— Имя того, кого сейчас отпустят при вас на свободу…
Он сделал еще паузу, придерживая имя, проверяя, все ли он сказал, потому что знал, что мертвый город воскреснет после произнесения имени счастливца мгновенно и никакие дальнейшие слова слышны быть не могут. «Все,— беззвучно крикнул себе Пилат,— имя!»
И, раскатив букву «р» над молчащим городом, он прокричал:
— Вар-Равван!
Тут ему показалось, что солнце, зазвенев, лопнуло и залило ему огнем уши. Вокруг него бушевали рев, визги, стоны, хохот, воздух просверлило свистом.
Пилат повернулся и пошел по помосту к ступеням, не глядя ни на что, кроме разноцветных шашек мраморного настила, чтобы не оступиться. Он знал, что теперь у него за спиной на помост градом летят бронзовые монеты и финики, что в воющей толпе, давя друг друга, лезут на плечи, чтобы увидеть своими глазами чудо — как человек, который уже был в руках смерти, вырвался из ее рук; как легионеры снимают с него веревки, причиняя невольно жгучую боль в его вывихнутой на допросе руке, как он, морщась и охая, все же улыбается бессмысленной сумасшедшей улыбкой. Он знал, что в это же время конвой, грохоча и топча помост, уже ведет к боковым ступеням трех со связанными руками, чтобы выводить их на дорогу, ведущую на запад, к Лысой Горе.

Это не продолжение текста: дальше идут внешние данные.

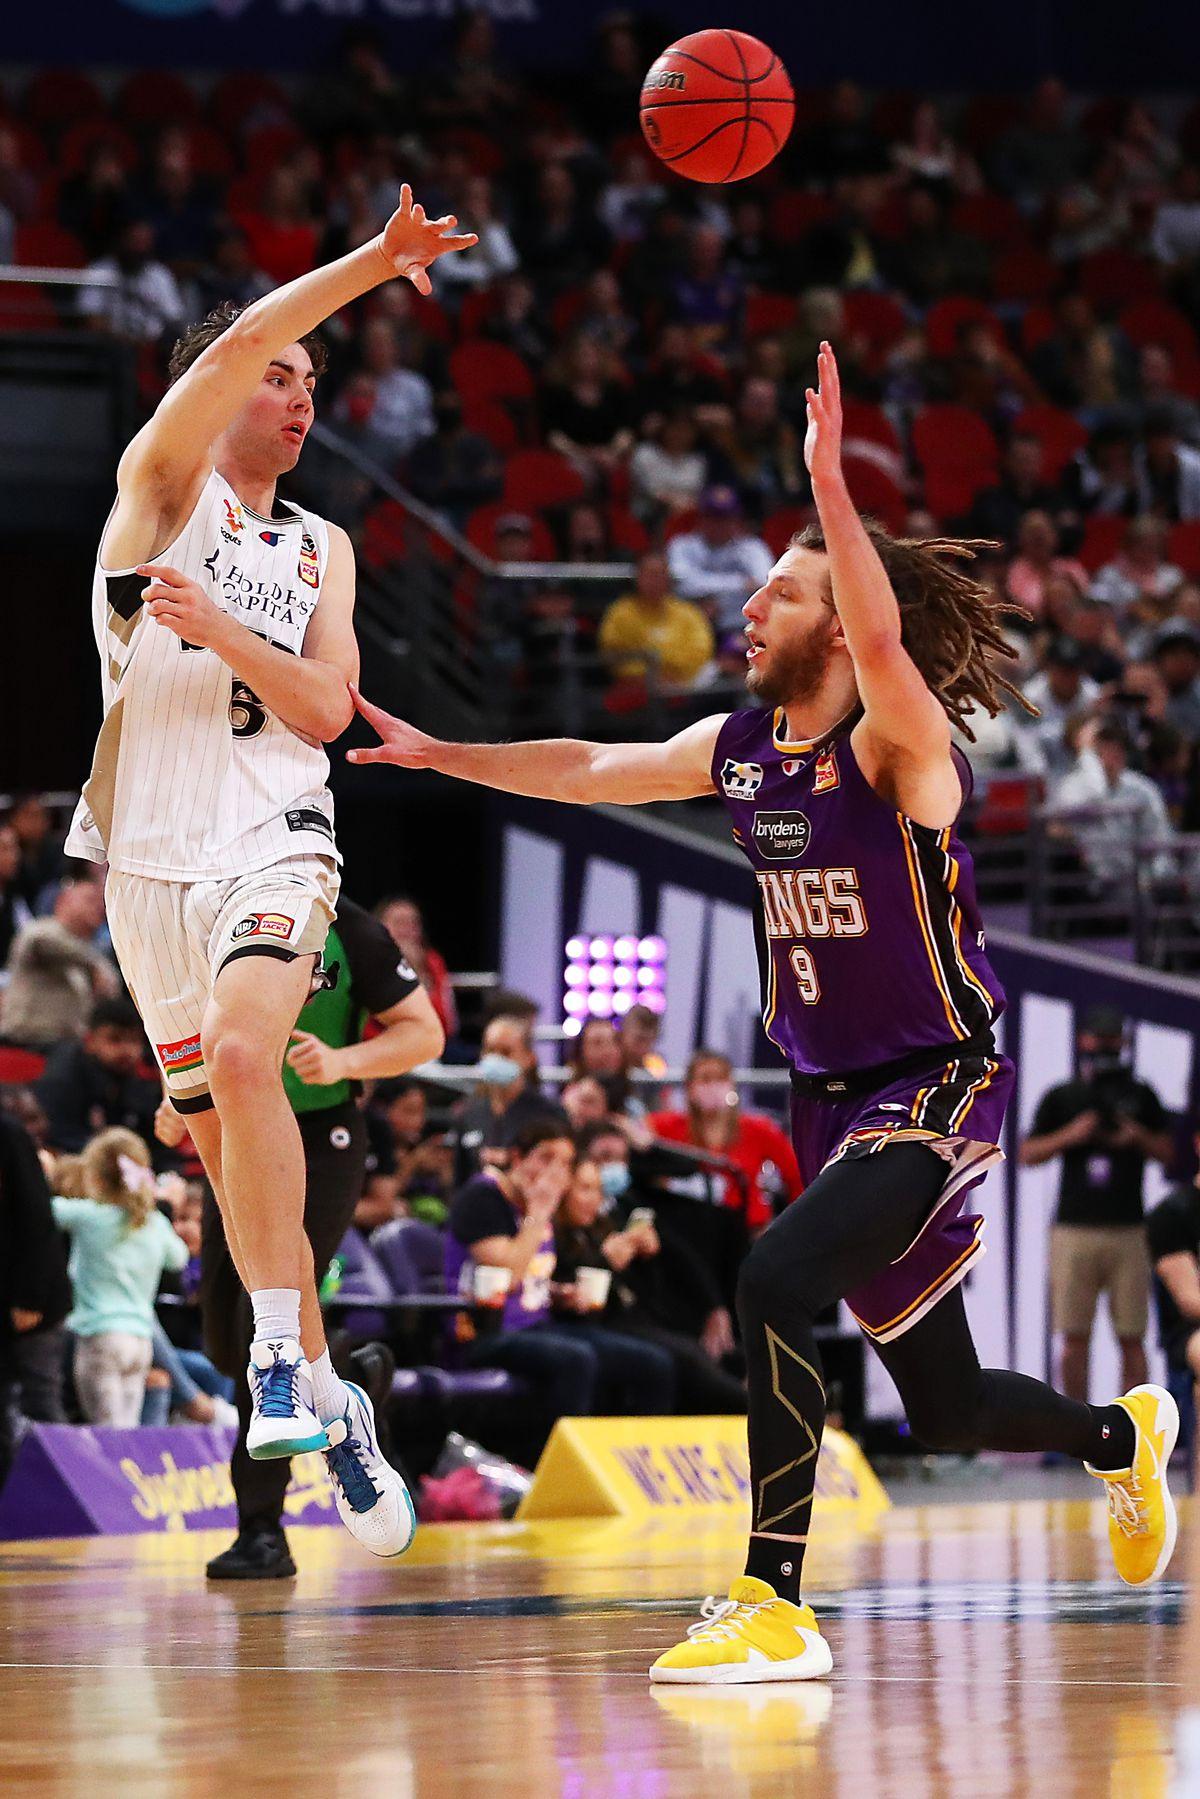 NBL Rd 18 - Sydney v Adelaide

Пилат спустился с лифостротона, оказался в тылу его, там, куда оцепление закрыло вход для народа, и тогда открыл глаза, зная, что теперь он в безопасности — Га-Ноцри он видеть уже не мог.
В стон толпы, начинавшей стихать, теперь врывались и уже были различимы выкрики глашатаев, повторяющих все, что прокричал с лифостротона Пилат.
Кроме того, до слуха прокуратора донесся дробный, стрекочущий и приближающийся конский топот и труба, что-то коротко и весело спевшая.
Кавалерийская ала, забирая все шире рыси, вылетела на площадь, чтобы оттуда, по переулку, мимо каменной стены, по которой стлался виноград, минуя скопища народа, проскакать кратчайшей дорогой к Лысой Горе.
Пилат, шедший за ним легат легиона и конвой придержали шаг.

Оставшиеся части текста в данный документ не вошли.